第23話 ●キール様 ハミルトン亭の愉快な人々 ピオーネさん 年齢:820歳 独身 種族:天使族 職業:迷惑天使の場合を読んで、針を逆立てちゃいました。

◎今回の読書会作品

 キール 様

 ハミルトン亭の愉快な人々 ピオーネさん 年齢:820歳 独身 種族:天使族 職業:迷惑天使の場合

 (小説家になろう)


◎今回の読書会参加者

・加納友美 

 動物と話しが出来る大学一年生。

 どんな状況や作品にも、なりきりスキル発動により対応可能。

・ハリモグラのサッチャーさん

 人間とオセロ勝負が出来るほどの、動物界きっての天才。数々のクイズで友美さんを絶句に追い込んだ。解説役。

・イグアナのイグッチ

 ゆっくり過ぎるイグアナ。



 すでに読書会は始まっています。


 ハリモグラのサッチャーさんは、タッパーに入った、夜食用の冷凍アリをモグモグつまみながら話しています。

 そして今日は、真面目なサッチャーさんから、おふざけは無しよ?しっかりとレビューするわよ!との厳命を受けていました。

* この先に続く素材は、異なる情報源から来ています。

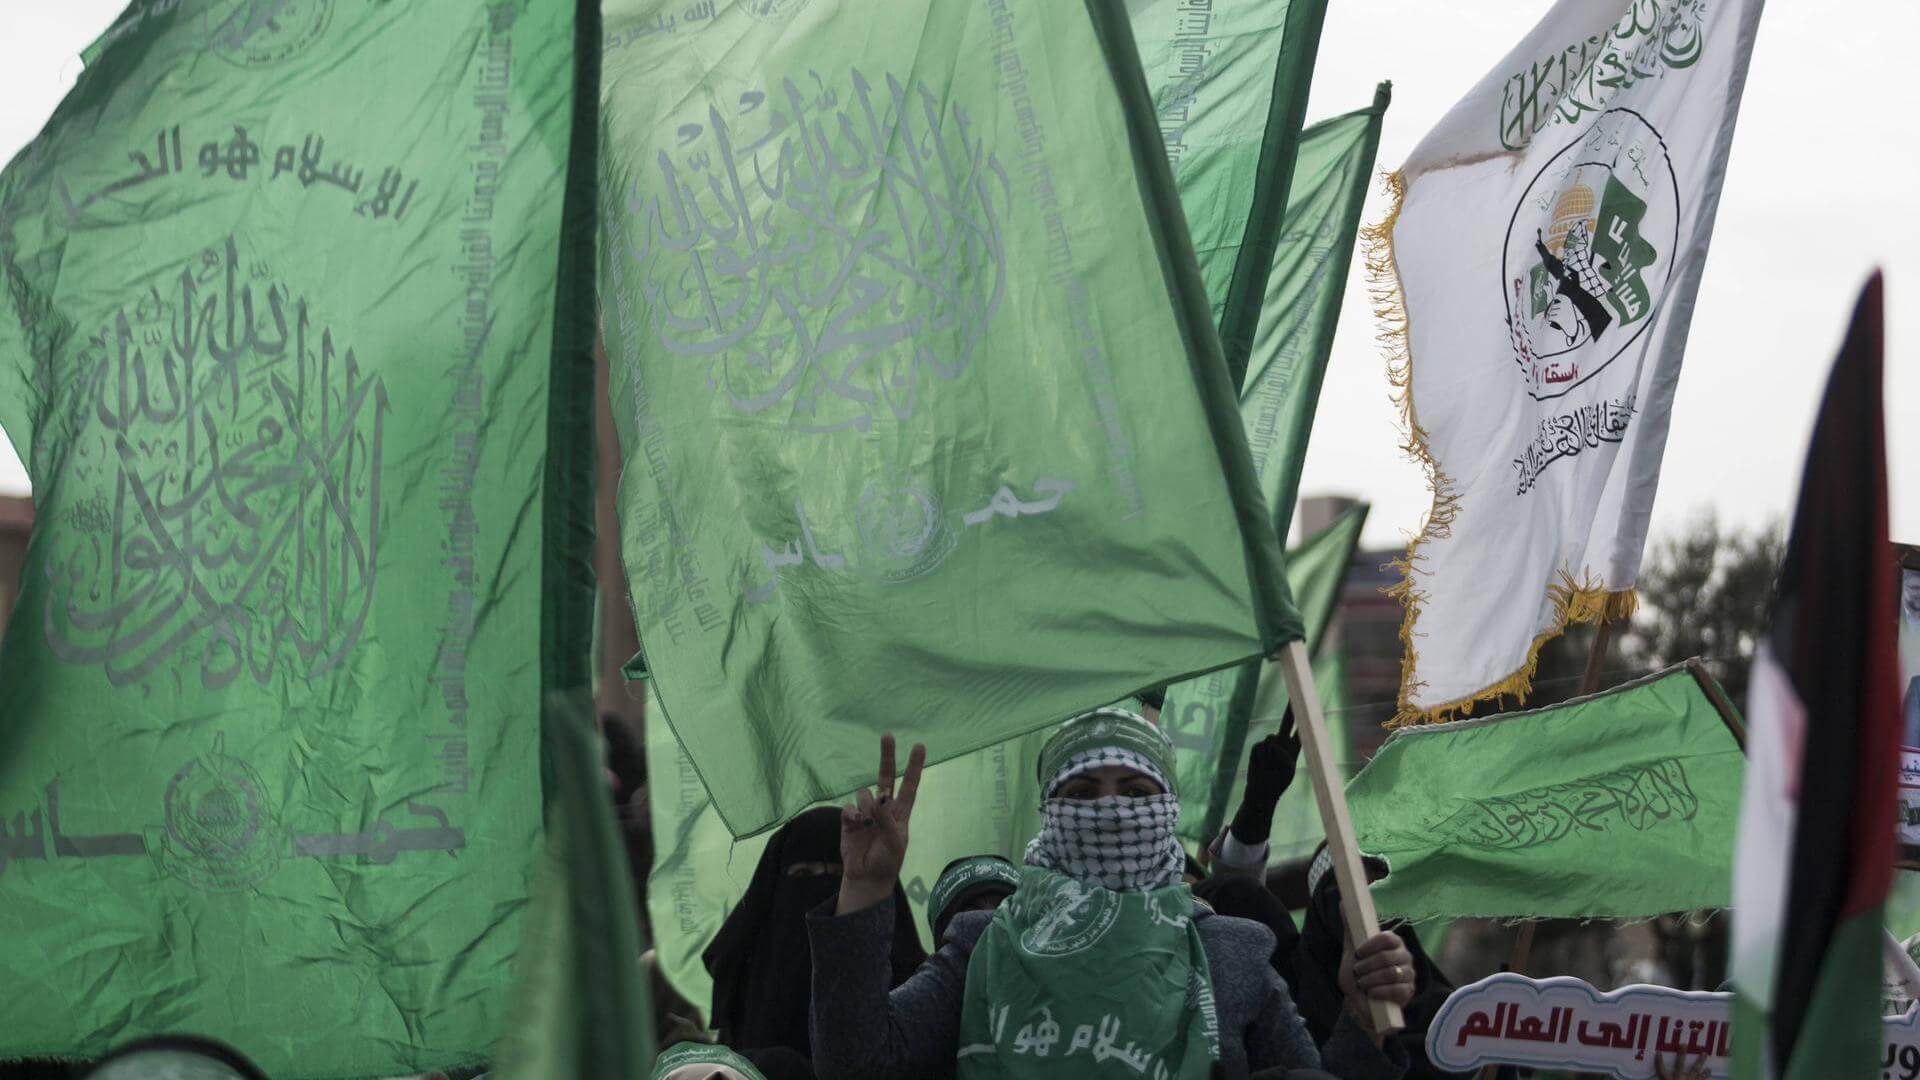 Germany Bans Hamas Flag Over Anti-Semitic Attacks During Gaza Conflict
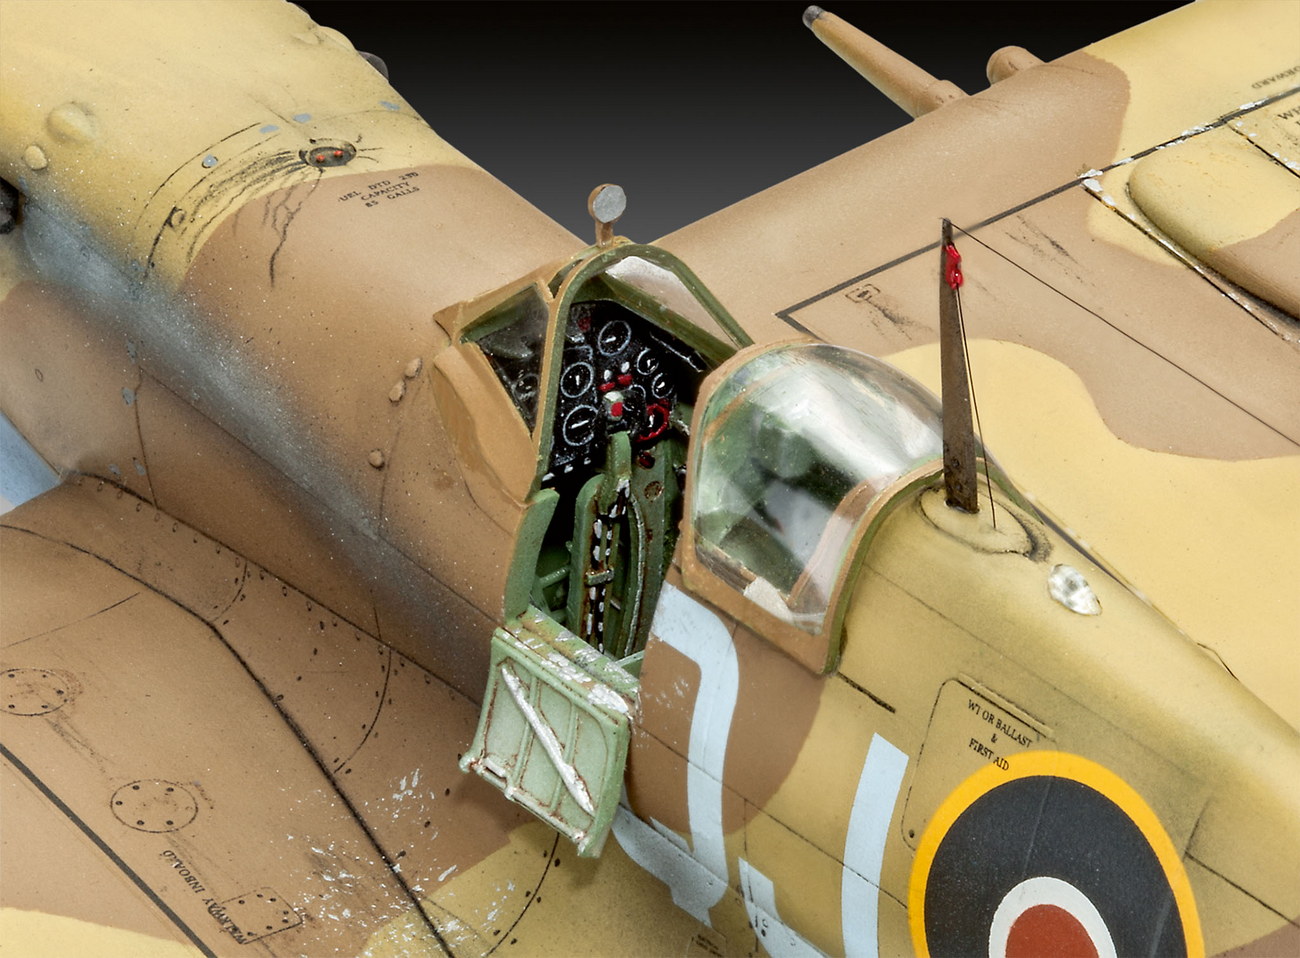 Revell 03940 - Supermarine Spitfire Mk.Vc

 「友美ちゃん、この作品はアラリア大陸と言う人類・魔族・天使などのあらゆる種族が暮らす世界にある、大都ウルハスが舞台の作品よ。そしてその大都ウルハスにあるハミルトン亭と言う小さな宿で、天使族のピオーネさんと地元では人類最強の剣士と噂されるレシウスさんの二人の絡みを中心に、バトルもありの、日常の一コマを描いた約一万文字の短編作品ね」


 「作者様のハミルトン亭短編シリーズの2作品目でもあるよね!」


 「そうね。まずは感想いいかしら?」


 「うん!」


 「まず、最初の方なんだけど語り手の世界観の説明描写、場面描写、ピオーネさんの描写、しっかりと行間を考えて使用しているからパッと見の凝縮感よりも、とても読みやすいの。」


 「そうだね!スッと頭に入ってくるよね!」


 「会話文と語り手のバランスと言うかメリハリも出来ていて、全体的にとても文法を遵守した綺麗な文体の作品ね。文法がしっかりした文体と言うのは、作品がよく練り込まれていると言う事なの。友美ちゃんみたいに、行き当たりばったりじゃ書けない作品だわ」


 「そ、そうだね……」


 「もちろん例外もあるけど、私何かで読んだのだけれど、一般的に短編は『出来事を書く』、長編は『人物を書く』とされてるのよ」


 「そうなんだ……」


 「ところで短編作品を書くには、色々とコツがあるけど、私が一番重要だと思うのは、当たり前だけど無駄をどれだけ省けるのかなのよ」


 「まあ、短編って言うくらいだからもちろんそうだよね」


 「友美ちゃん、あなたわかってないでしょ?」


 「え?」


 「仕方ないわね。あなたにもわかる様に以下の簡単な冒険物のタイムラインプロット形式で説明してあげるわ」 


 「うんお願い…………」

 (わかってないなんて一言も言ってないんだけどな……)


 ①友美ちゃんは、ご先祖様が書いたと言われる、赤いインクで書いた宝の地図を発見した。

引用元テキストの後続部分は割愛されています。